Funding for universities and institutes could be said to come through two major streams: government-sponsored research-funding bodies (which I will naively call “government”), and businesses and charities (which I will naively refer to as “industry”). But under what premises is such funding granted? Here I wish to mention only one such premise: that the research meet the specific interests of the funding body. For example, government might be interested in the development of ML technologies that support their military programme; a financial institution might fund research into default-prediction models; a charity might focus on their own charitable objects; and so on. In this sense, MEGs are subject to the ethics of their funders. We can take this to be quite the constraint: “academic freedom” (whatever that means) is subject to the ethics of others. Researchers, in a sense, have their autonomy limited by the source of funding. The importance of credit is heightened here, given the previous depiction: increased credit means increased opportunities to work in areas researchers are more interested in. In this way, the focus on seeking credit is arguably greater in the case of early-career researchers. Returning to the credit-truth compromise, it seems that the balance tips towards the more noble pursuit of truth as one advances in their career.

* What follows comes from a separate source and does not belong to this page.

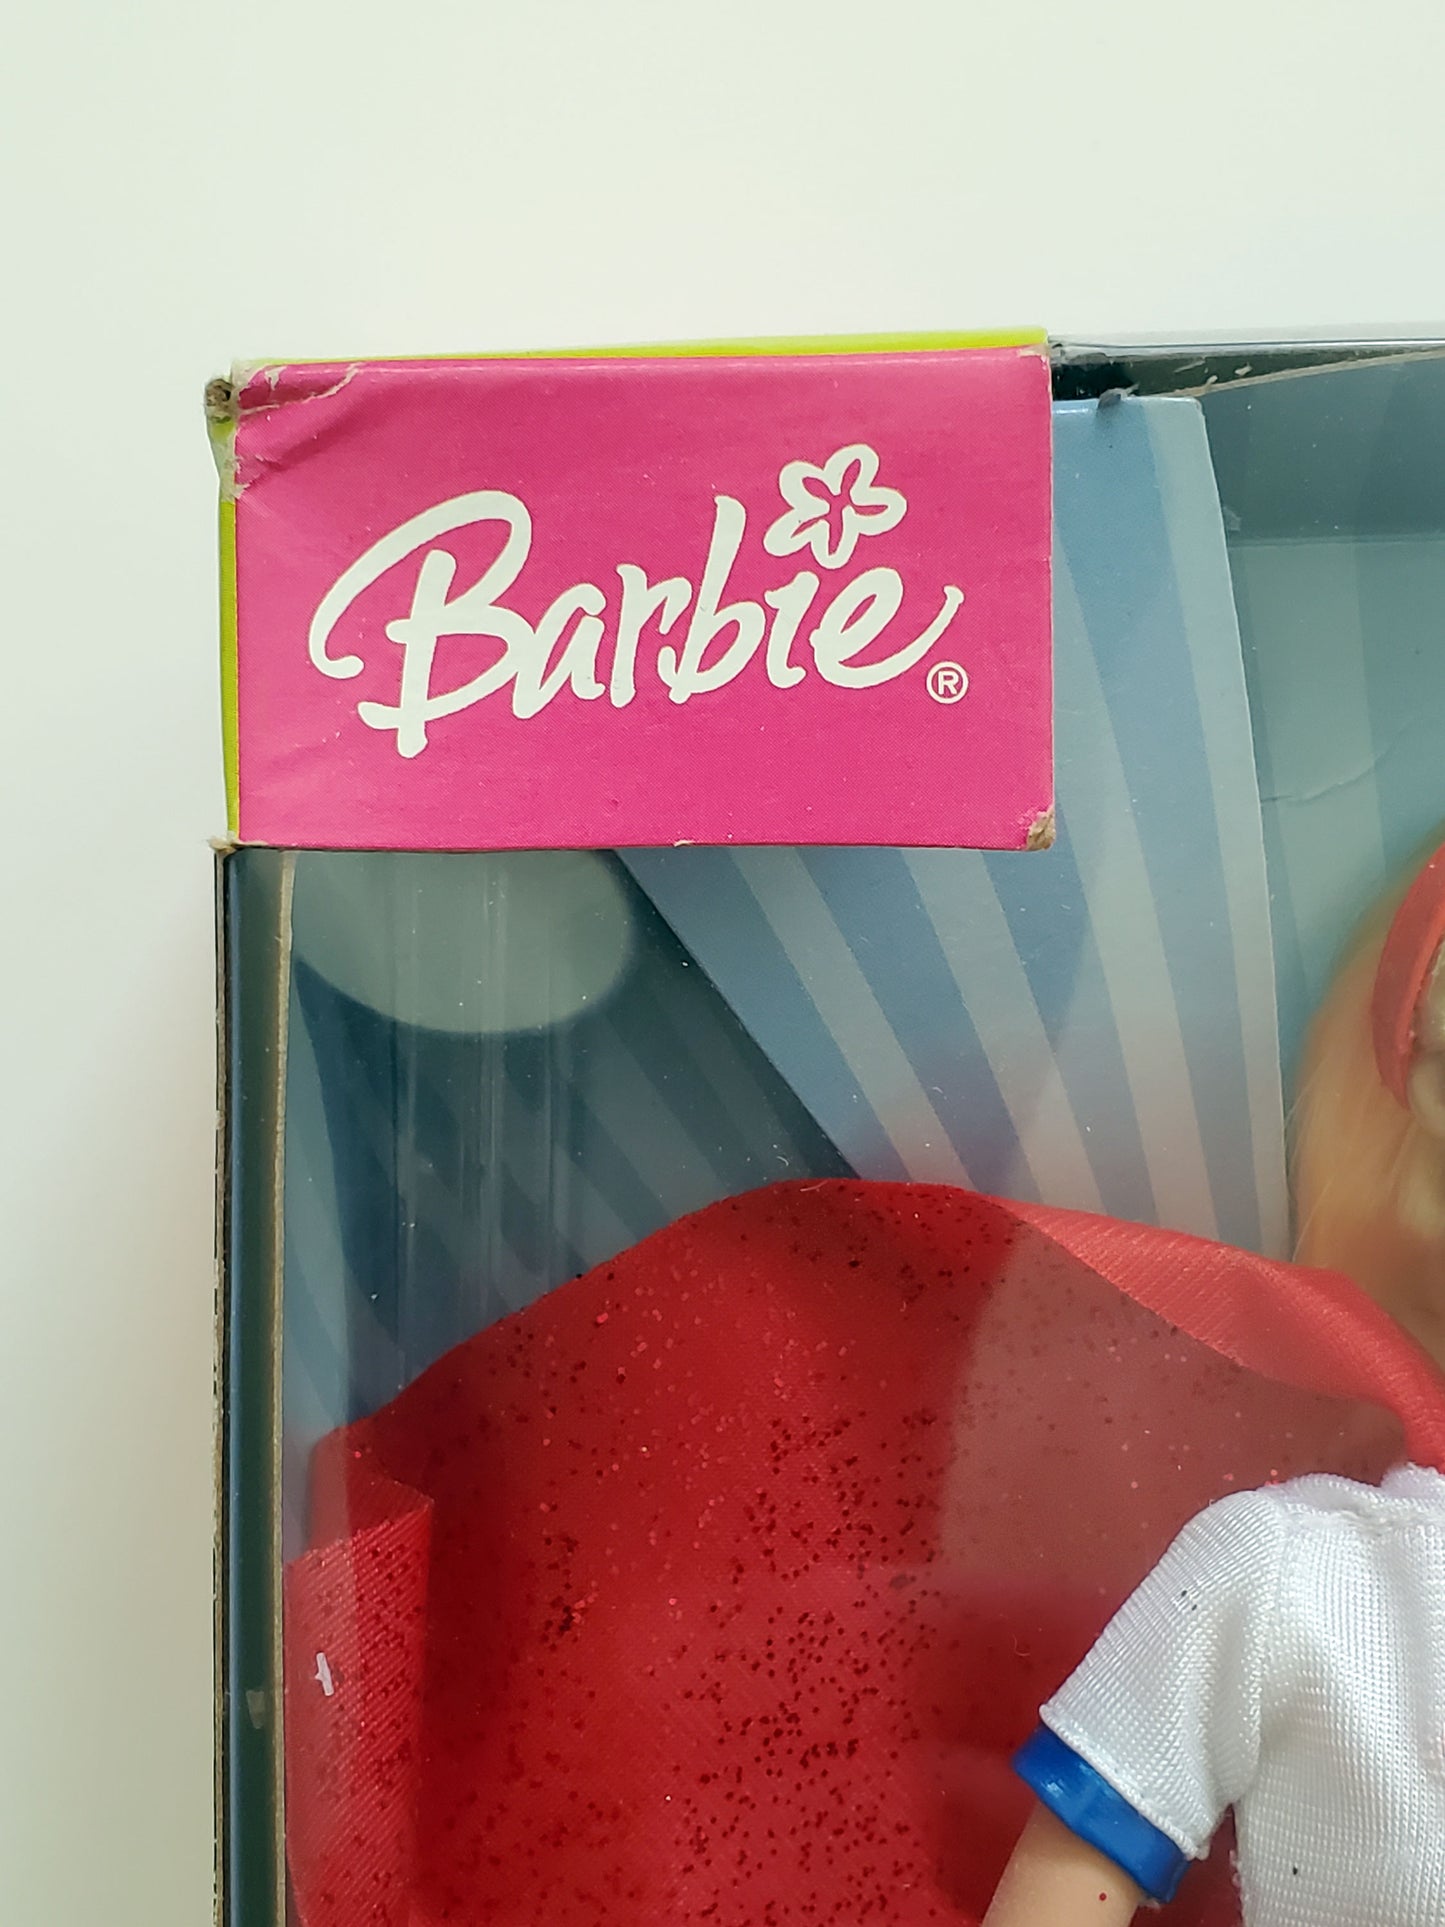 Barbie as Supergirl

I have briefly outlined some rather individualistic notions related to MEGs, but I think they are relevant factors regardless of the theory of such collaborations we wish to present. Whether focused on the psyche of the scientist, or the collectives formed, an analysis of MEGs will require that of epistemic diversity and the resulting barriers, institutional norms and the resulting interrelations, time pressures, and the ethics of funding bodies.